Against the backdrop of those general principles, Schmerber stands as the seminal case involving the forced extraction of blood from an accused. In Schmerber, the defendant and a companion had been drinking at a California tavern. Schmerber, supra, 384 U.S. at 759, 86 S.Ct. at 1829, 16 L.Ed.2d at 912. They drove from the establishment around midnight in the defendant’s car, which then skidded and struck a tree. Ibid. Both the defendant and his companion were taken to a hospital for treatment of their injuries, after which the defendant was arrested for driving while intoxicated. Id. at 758, 86 S.Ct. at 1829, 16 L.Ed.2d at 913. The police directed hospital personnel to take a blood sample to test the defendant’s blood alcohol level, and the defendant apparently submitted to the test but did not consent to it. Id. at 758-59, 86 S.Ct. at 1829, 16 L.Ed.2d at 912-13.
The defendant was convicted of drunk driving and appealed on several grounds, including that the blood test violated his rights under the Fourth Amendment. In rejecting the defendant’s claims, the Supreme Court framed the issues this way:
[T]he Fourth Amendment’s proper function is to constrain, not against all intrusions as such, but against intrusions which are not justified in the circumstances, or which are made in an improper manner. In other words, the questions we must decide in this case are whether the police were justified in requiring [the defendant] to submit to the blood test, and whether the means and procedures employed in taking his blood respected relevant Fourth Amendment standards of reasonableness.
[Id. at 768, 86 S.Ct. at 1834, 16 L.Ed.2d at 918.]
Within that analytical framework, the Court concluded that the defendant’s intoxicated appearance (his watery, bloodshot eyes and the smell of liquor on his breath) provided probable cause for the arrest. *238 Id. at 768-69, 86 S.Ct. at 1834-35, 16 L.Ed.2d at 918- 19. It also found that because blood alcohol levels diminish rapidly, the police had acted reasonably in taking a sample of the defendant’s blood after they had arrested him. Id. at 770-71, 86 S.Ct. at 1835-36, 16 L.Ed.2d at 920. The Court further found that because it was minimally intrusive and highly accurate, the defendant’s blood test was a reasonable measure of blood alcohol content. Id. at 771, 86 S.Ct. at 1836, 16 L.Ed.2d at 920.

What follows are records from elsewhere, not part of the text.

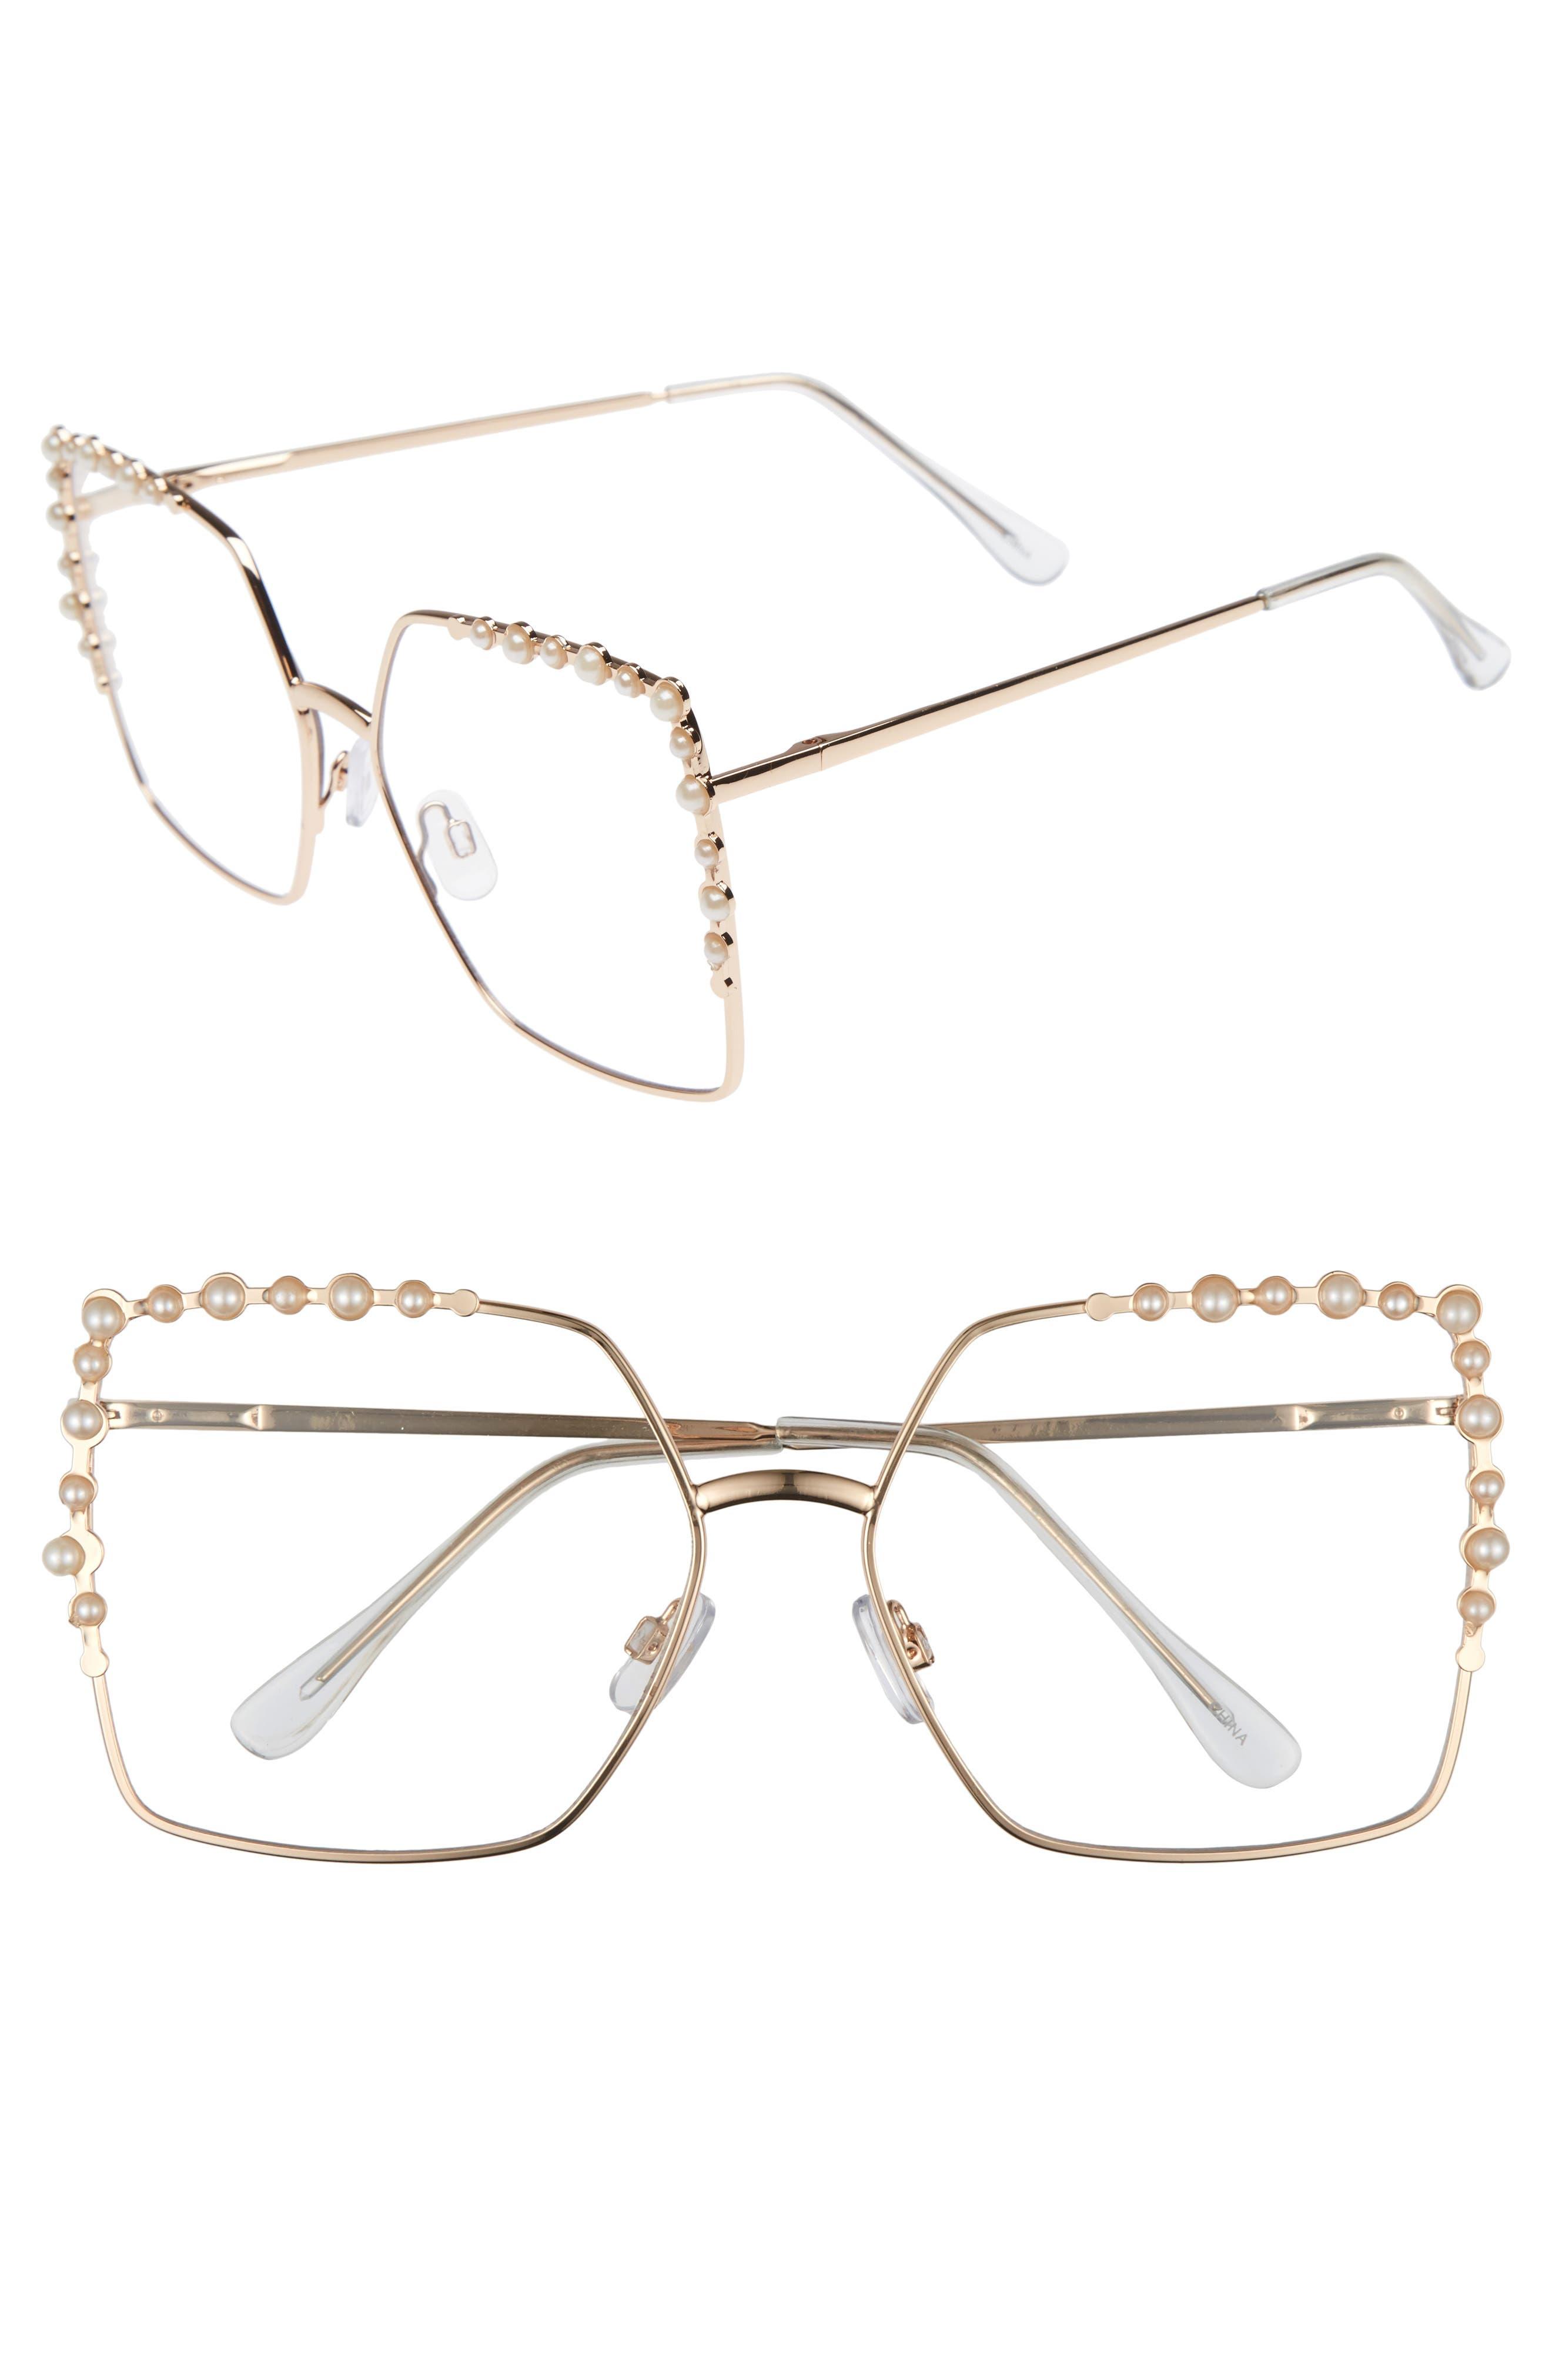 63mm Imitation Pearl Square Fashion Glasses,                             Main thumbnail 1, color,
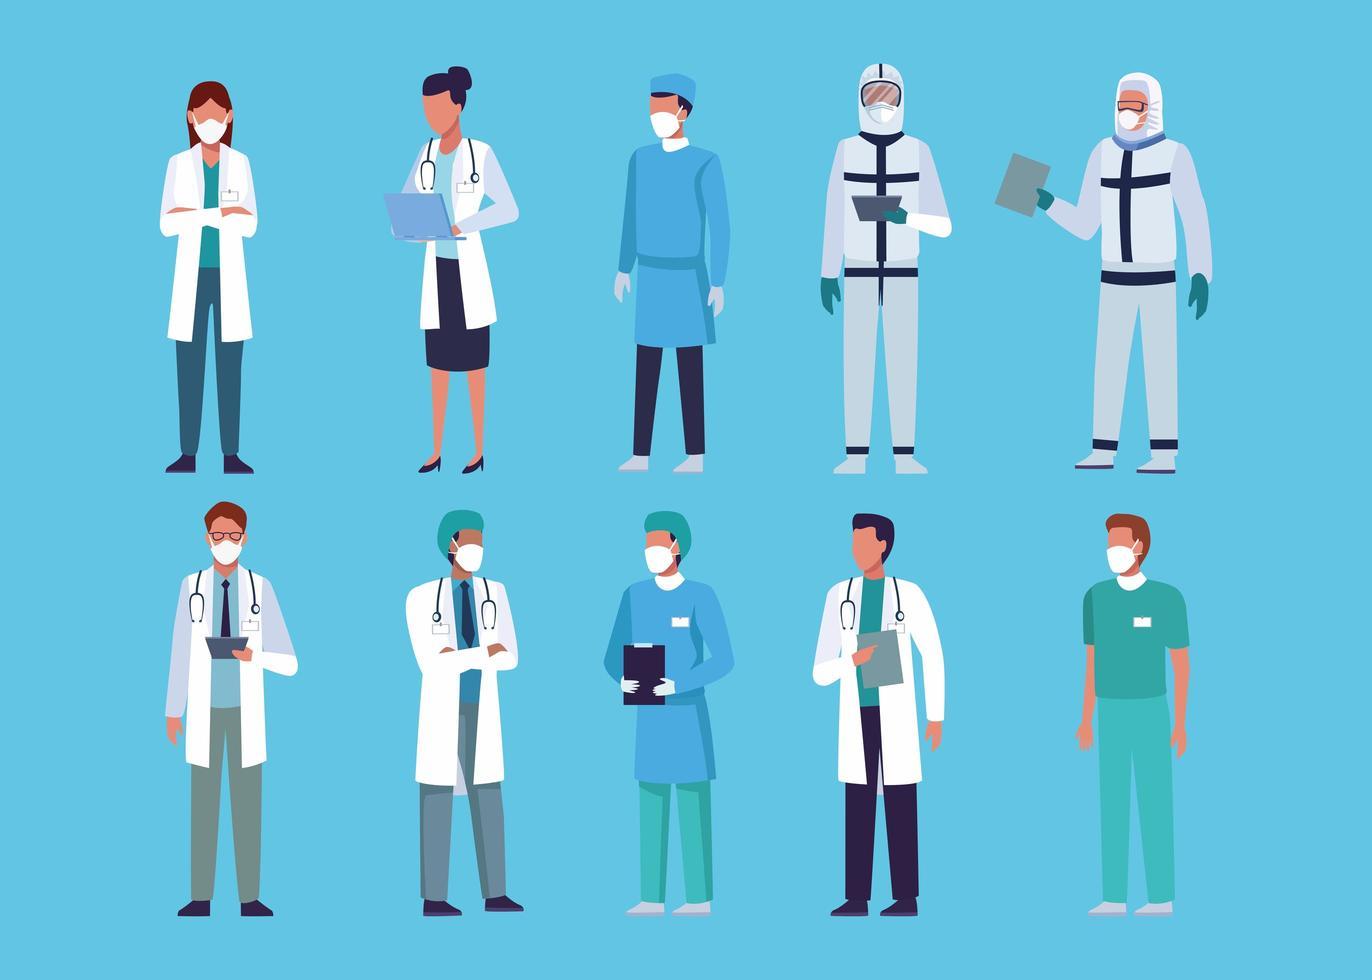 Sammlung von Ärzten, die medizinische Masken tragen vektor
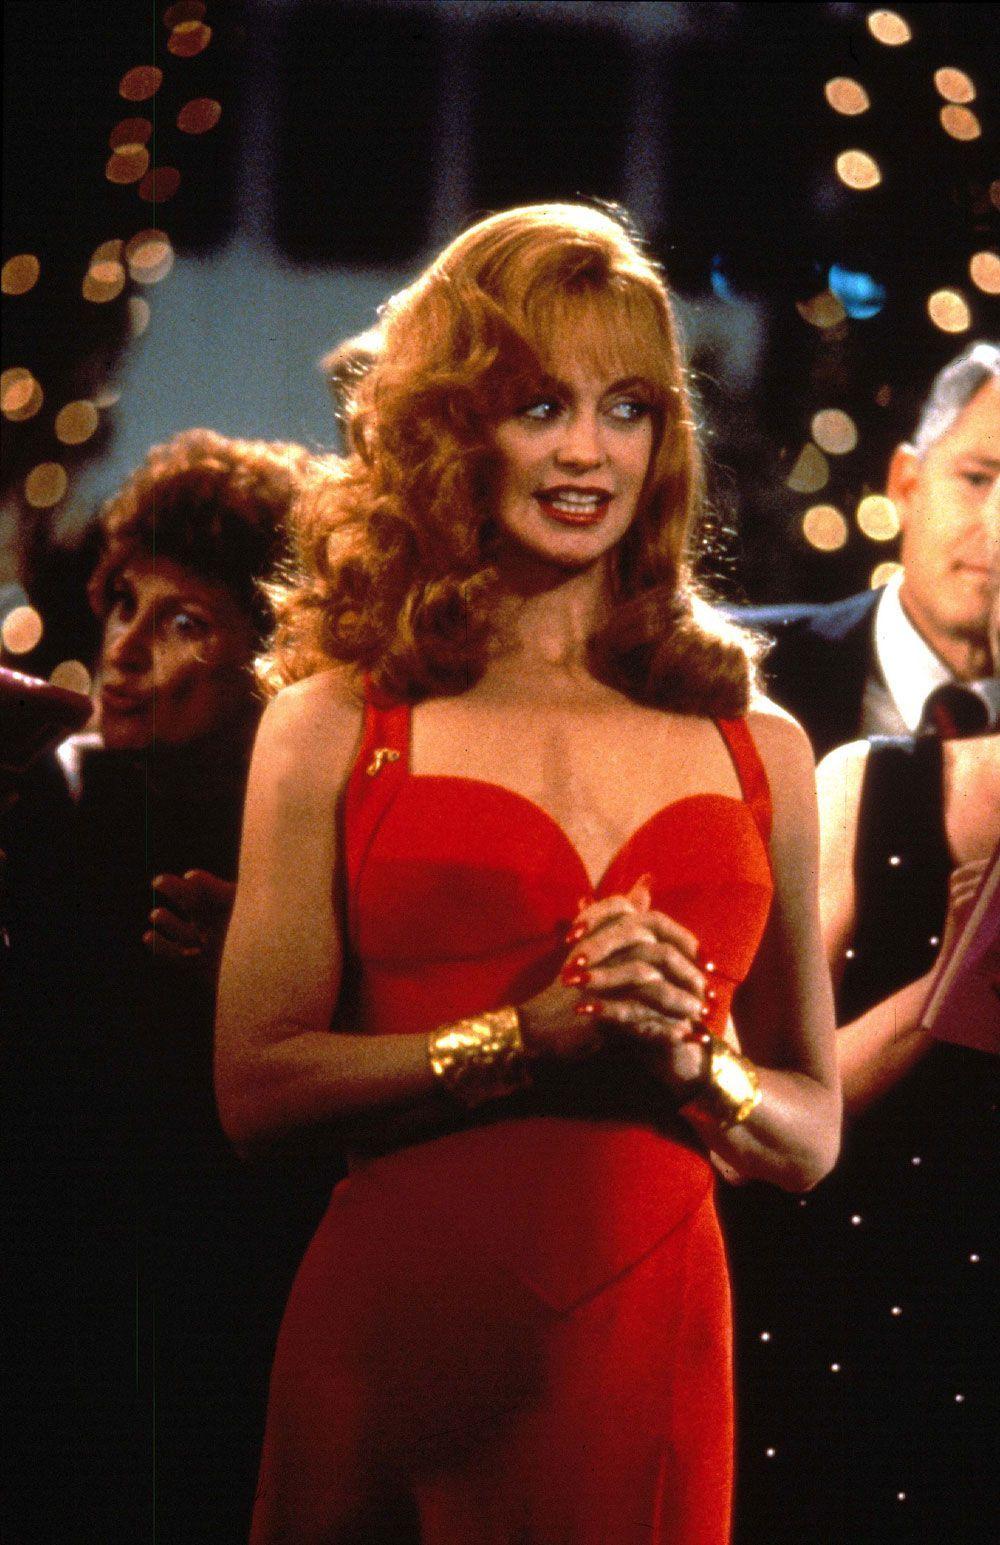 Actrices Hermosas, Mujeres Bellas, Señoras De Época, Maid In Manhattan, Vestidos De Fiesta, Disfraces, Vestido Rojo, Mujer
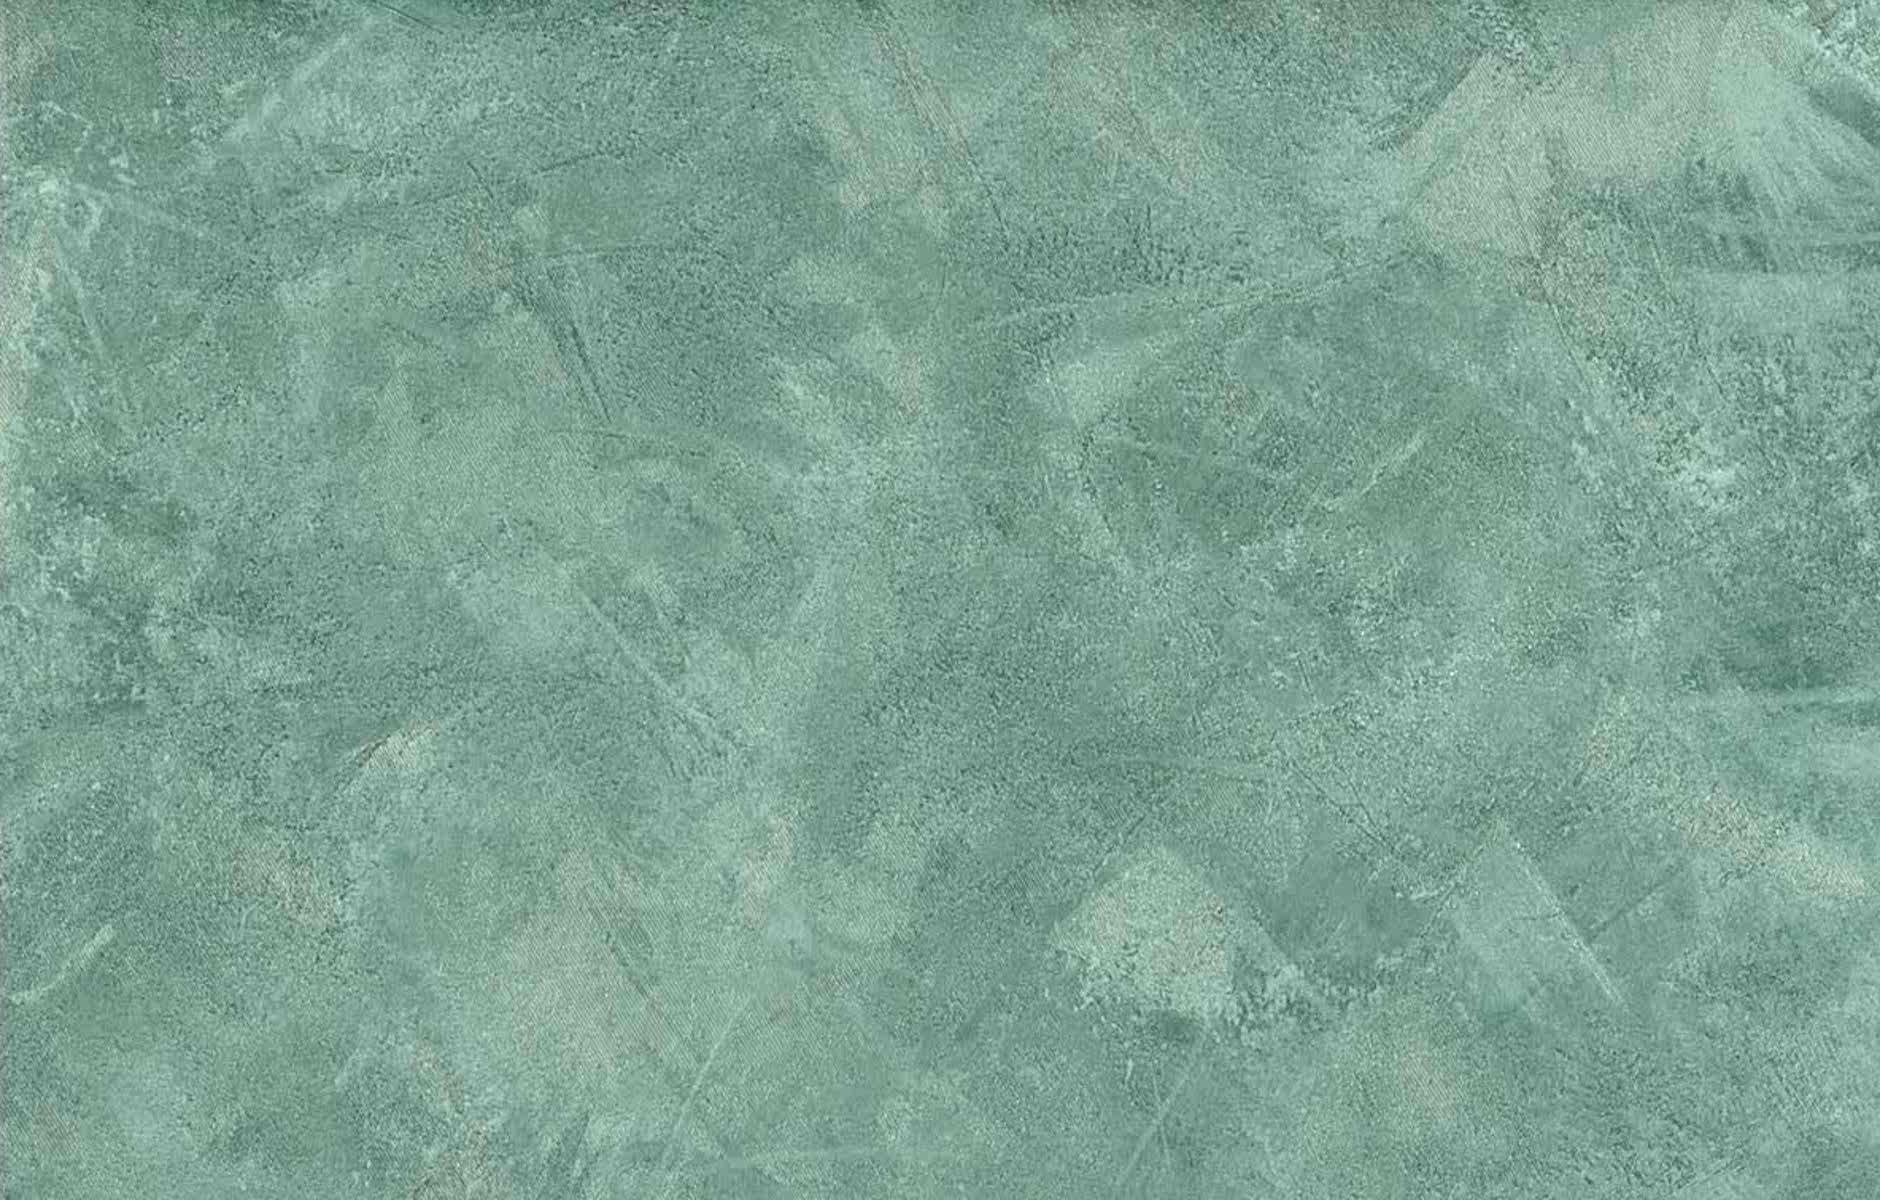 green textured wallpaper - photo #16

Particularly pertinent to this case, the Court suggested that compulsory blood tests may not be permissible in all circumstances. In that regard, the Court noted that the defendant was “not one of the few who on grounds of fear, concern for health, or religious scruple might prefer some other means of testing, such as the ‘Breathalyzer’ test [the defendant] refused…. We need not decide whether such wishes would have to be respected.” Ibid. The Court concluded that the defendant’s blood test, performed by a physician in a hospital environment and without the use of force, had been performed in accordance with medically acceptable practices. Ibid.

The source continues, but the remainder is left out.